Amazônia

Não conter desmatamento na Amazônia é “suicídio”, alerta especialista brasileiro na ONU

23 de setembro de 2019

O cientista Carlos Nobre está na sede das Nações Unidas, onde participa de um dos encontros da Cúpula do Clima

 

 

Imagem de área afetada pelo desmatamento na Amazônia — Foto: Raphael Alves/AFP/Arquivo
 
 
 
 
 
A Amazônia está se tornando uma savana e não combater completamente o desmatamento "será um suicídio", alertou o cientista brasileiro Carlos Nobre no domingo (22) na ONU, um dos especialistas em florestas tropicais mais respeitados do mundo.
 
"Há indícios de que o processo de savanização começou" em mais da metade da floresta, disse Nobre, pesquisador do Instituto de Estudos Avançados da Universidade Federal de São Paulo, em entrevista à AFP na véspera da cúpula climática na ONU.
 
"Dá para reverter? Acho que dá. Mas se o desmatamento continuar, se não tiver controle, temos um enorme risco de perder boa parte da Amazônia.
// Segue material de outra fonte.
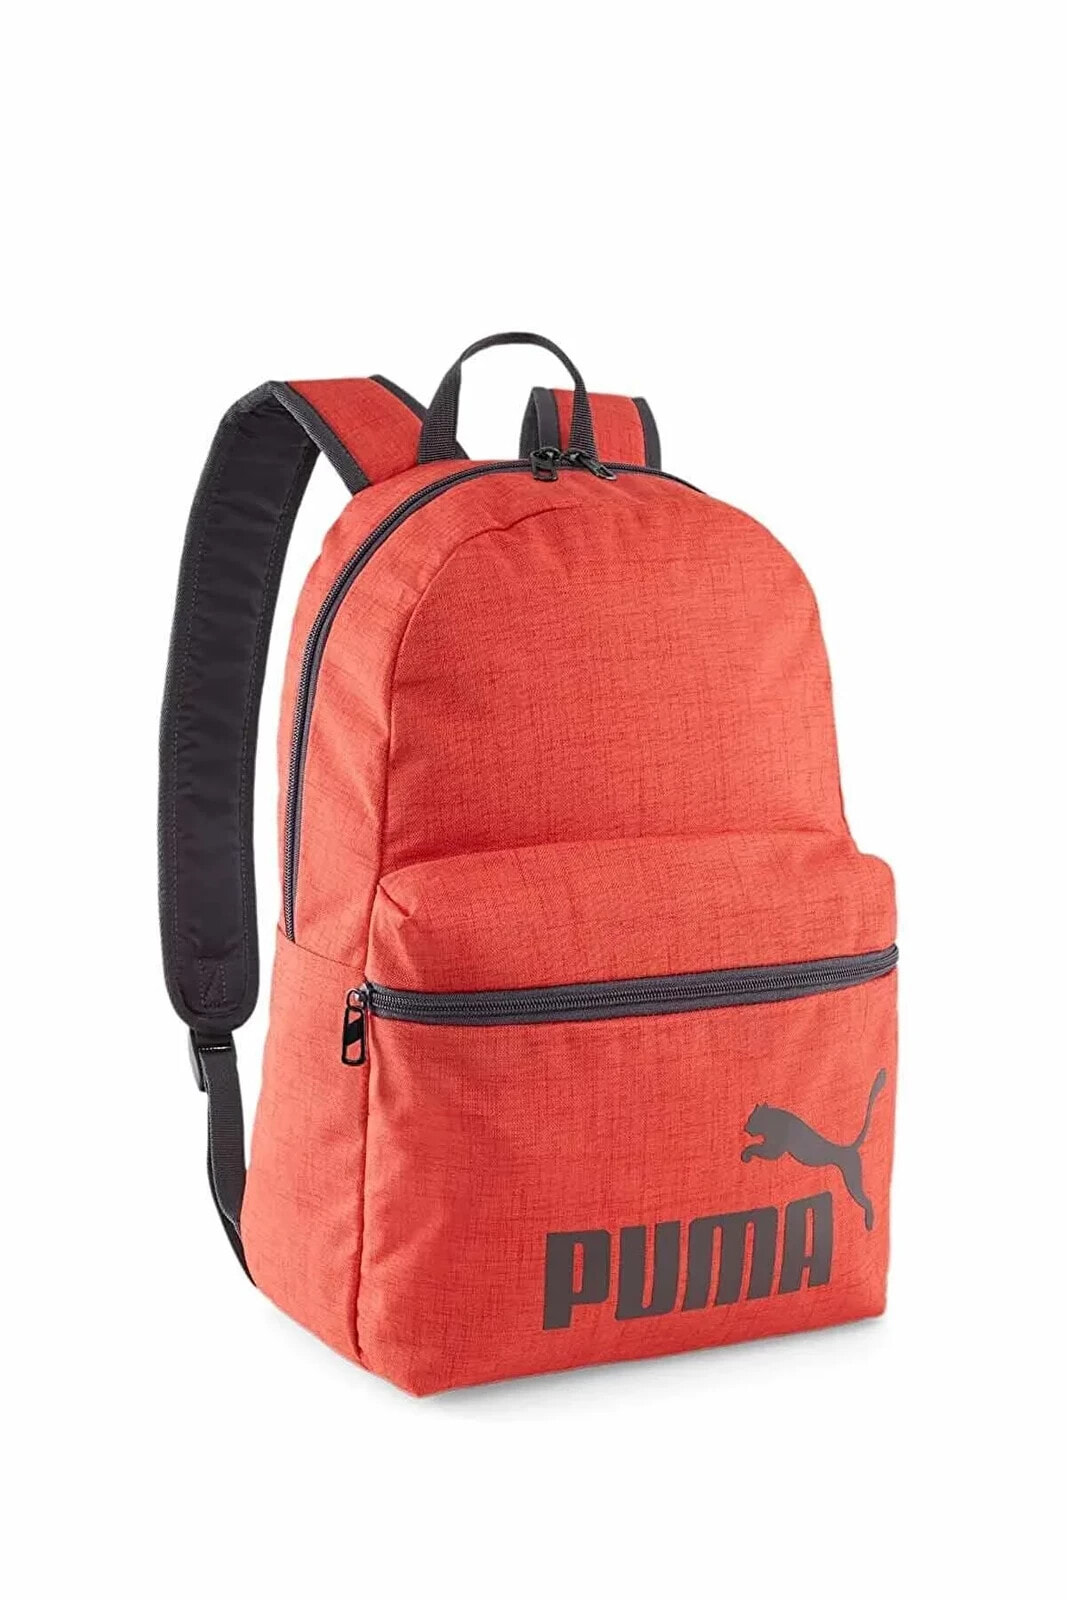 Phase Up Backpack Unisex Sırt Çantası 090118-02 Kiremit

Seria suicídio", afirmou.
 
Nobre, 68 anos, disse que a capacidade da Amazônia de absorver carbono ainda é positiva "mas está em declínio".
 
Ele também disse que a estação seca está ficando mais longa em 60% da Amazônia e que há uma tendência maior na mortalidade de árvores que precisam de mais umidade.
 
 
Potência da biodiversidade
 
"Todos esses fatores são sinais precursores de um ponto de ruptura, por isso é importante alcançar o desmatamento zero. Não vale mais a pena falar sobre desmatamento legal ou ilegal, deve ser zero e uma grande área de floresta deve ser restaurada", opinou.
 
Segundo dados oficiais, o desmatamento da Amazônia brasileira praticamente dobrou entre janeiro e agosto, passando de 3.336,7 km2 no período de 2018 para 6.404,4 km2 neste ano, o equivalente a 640.000 campos de futebol.
 
Se a savana chegar a ocupar de 50% a 60% do Brasil, o processo será "irreversível", alertou Nobre no evento "Amazônia Possível", celebrado na ONU a fim de promover um novo modelo de desenvolvimento empresarial que respeite a biodiversidade. Recuperar a floresta levaria séculos ou um milênio.
 
"É agora que nós precisamos mudar. Não temos mais tempo a perder", advertiu.
 
Nobre lembrou que dois hectares da Amazônia contêm mais espécies do que em toda a Europa, e que somente uma árvore amazônica tem mais espécies de formigas do que vários países europeus.
 
"Queremos nos tornar uma potência militar, mas o maior potencial do Brasil é ser uma potência ambiental, da biodiversidade", afirmou.
 
O Brasil, com 60% da Amazônia, se comprometeu no Acordo de Paris, assinado em 2015, a restaurar 12 milhões de hectares de floresta.
 
 
Ecosuicida
 
Durante o diálogo "Amazônia Possível", dois jovens protestaram quando o ministro do Meio Ambiente, Ricardo Salles, discursou.
 
Os jovens, que usavam lenços no rosto, nos quais se liam as palavras "Eco" e "Suicídio", e acenaram uma placa com a inscrição "Salles", protestaram silenciosamente contra a política ambiental do governo brasileiro, cético em relação às mudanças climáticas e que reverteu várias medidas de proteção. ambiental.
 
O Brasil tenta convencer o mundo de que a situação na Amazônia está sob controle, mas o desmatamento disparou, assim como os incêndios florestais, gerando a uma crise internacional em agosto.
 
O secretário-geral da ONU e líderes de países como França, Alemanha, Colômbia, Chile, realizarão uma reunião para discutir a situação na Amazônia na segunda-feira (23), antes do início da cúpula climática da ONU. O presidente Jair Bolsonaro não comparecerá.
 
O chanceler Ernesto Araújo negou recentemente em Washington a existência de uma emergência climática e disse que alguns países procuram restringir a soberania do Brasil promovendo o "climatismo".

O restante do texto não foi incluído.